Dass Loperamid keine Wirkung im Gehirn hat und damit nicht als gefährlich gilt, stimmt nicht immer. Hier spielen nämlich auch Wechselwirkungen mit Nahrungsmitteln und weiteren Medikamenten eine entscheidende Rolle. Auf diese scheinbaren Kleinigkeiten sollten Sie bei der Abgabe achten, damit Loperamid nicht zu gefährlichen Problemen führt.

Loperamid in Kombination durchaus gefährlich

Loperamid ist bei Durchfall eine der ersten Optionen in der Apotheke. Dass es gefährlich sein kann, wissen die wenigsten. Auch die 25-jährige Frau, die im Oktober an einer Loperamid-Vergiftung starb, nahm es auf Verschreibung des ärztlichen Bereitschaftsdienstes gegen einen Magen-Darm-Infekt ein, ohne Böses zu ahnen.

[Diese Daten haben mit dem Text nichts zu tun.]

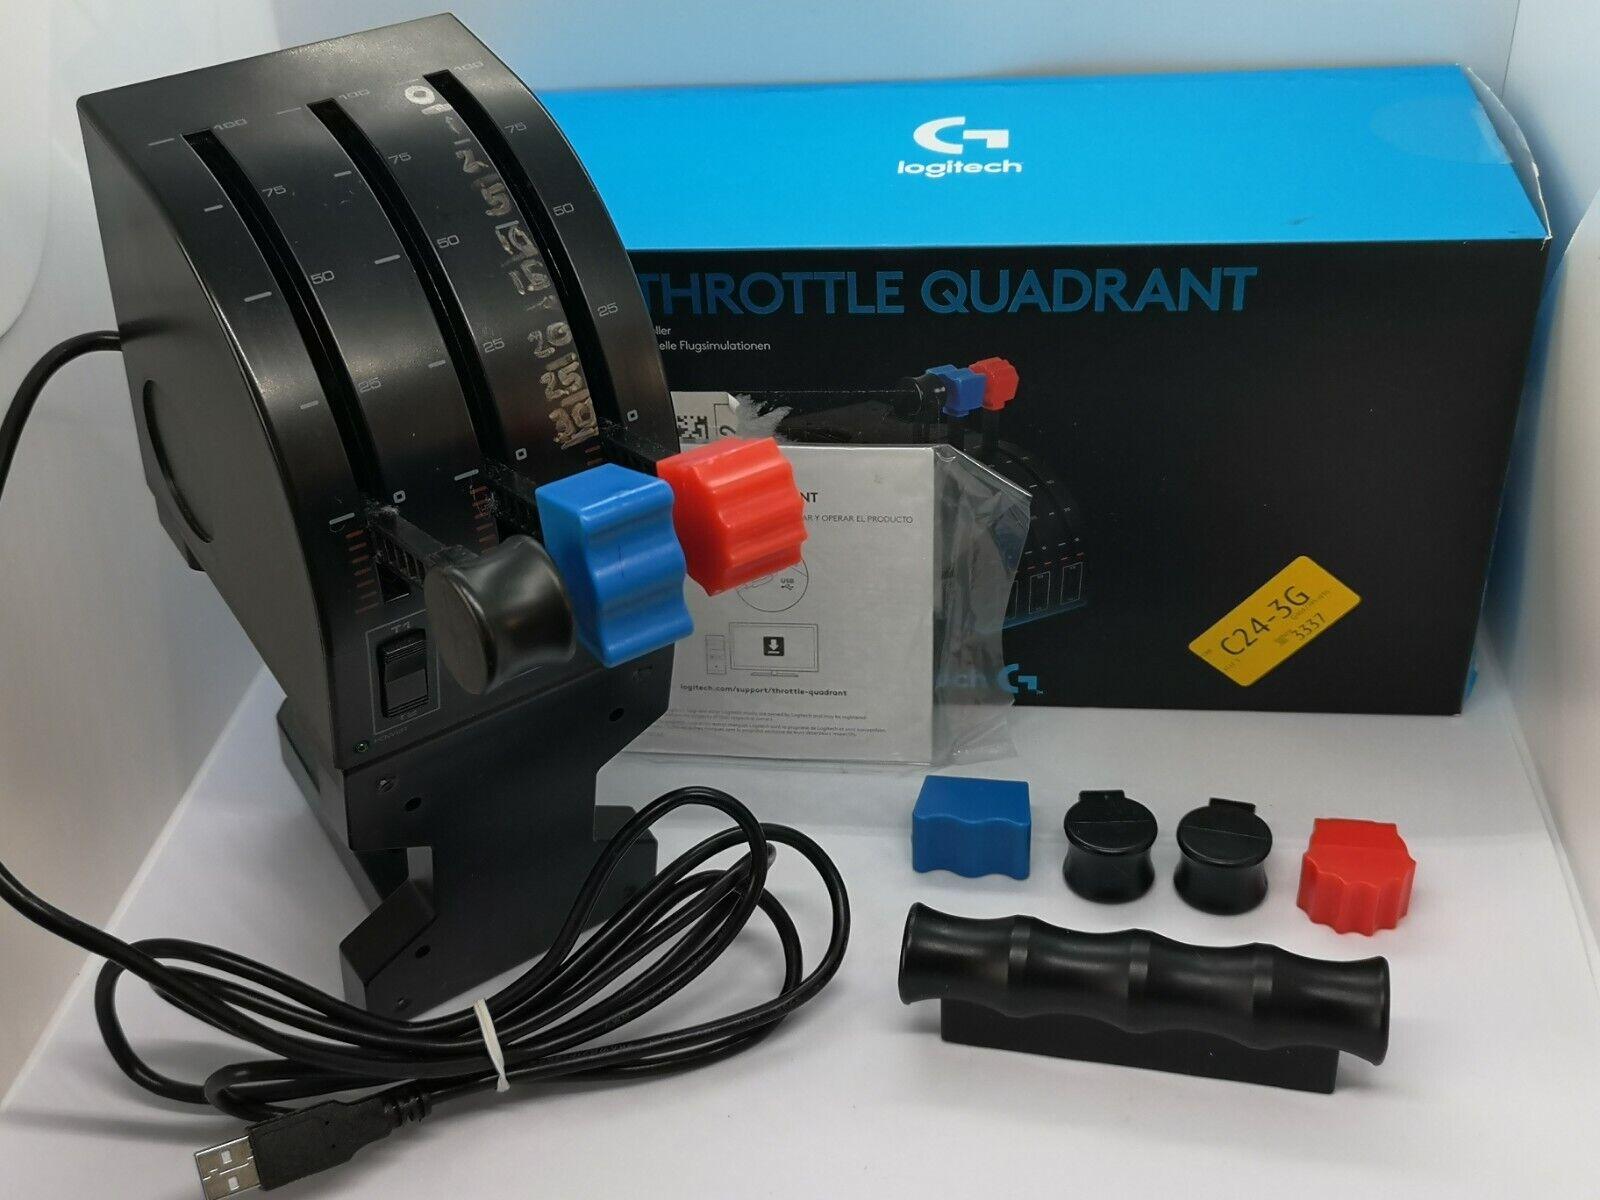 Logitech 945-000015 Flight Throttle Quadrant Professional Simulation Axis Lever

Sie wurde nach der Einnahme müde und legte sich schlafen. Nur eine halbe Stunde später fand ihr Partner sie bewusstlos auf, der Notarzt konnte sie nicht retten. Die Menge Loperamid, die sie im Blut hatte, war nicht das Problem, sondern eine gefährliche Wechselwirkung mit großen Mengen Chinin.

Der Partner der Verstorbenen erklärte, sie habe eine große Vorliebe für Tonic Water gehabt und allein am Tag ihres Todes mindestens zweieinhalb Liter davon getrunken. Diese Menge enthält rund 170 Milligramm Chinin. Genau das war das Problem: Die Kombination aus Loperamid und Chinin führt zu einer Wechselwirkung und ist tatsächlich so gefährlich, dass man daran sterben kann. Aber warum?

Wechselwirkungen von Loperamid können schwerwiegend sein

Die Wechselwirkung von Loperamid mit Chinin beruht darauf, dass Chinin einen Mechanismus der Blut-Hirn-Schranke behindert. Das führt dazu, dass Loperamid in gefährlichen Konzentrationen ins Gehirn gelangt. Chinin hemmt den Transporter P-Glykoprotein (P-gp). Dieses Eiweiß befördert Loperamid und andere gefährliche Stoffe aktiv aus dem Gehirn, wenn sie einmal eingedrungen sind. Durch die Wechselwirkung mit Chinin kann also das eigentlich nicht gehirngängige Loperamid auch an zentralen Opioidrezeptoren wirken und eine gefährliche Atemdepression auslösen.

Die Wechselwirkung mit Chinin gilt aber nicht nur für Loperamid, sondern auch für zahlreiche andere Substrate von P-gp (siehe Kasten), die durch dessen Hemmung in ihrer Wirkung mitunter gefährlich verstärkt werden. Der Grund dafür ist, dass P-gp auch in der Darmschleimhaut zu finden ist. 2015 wurde daher das bisher rezeptfreie Chinin, welches unter anderem gegen Muskelkrämpfe wirkt, der Verschreibungspflicht unterstellt.

Arzneistoffe, die mit P-gp Wechselwirkungen eingehen

  • Loperamid,
  • orale Antikoagulanzien (Apixaban, Dabigatran, Edoxaban, Clopidogrel, Rivaroxaban),
  • zahlreiche Zytostatika sowie Methotrexat,
  • Atorvastatin, Lovastatin,
  • Colchicin,
  • Digoxin,
  • Erythromycin und Fluorchinolone,
  • Diltiazem und Losartan,
  • Propranolol,
  • Domperidon,
  • Ondansetron sowie
  • die Immunsuppressiva Ciclosporin und Tacrolimus.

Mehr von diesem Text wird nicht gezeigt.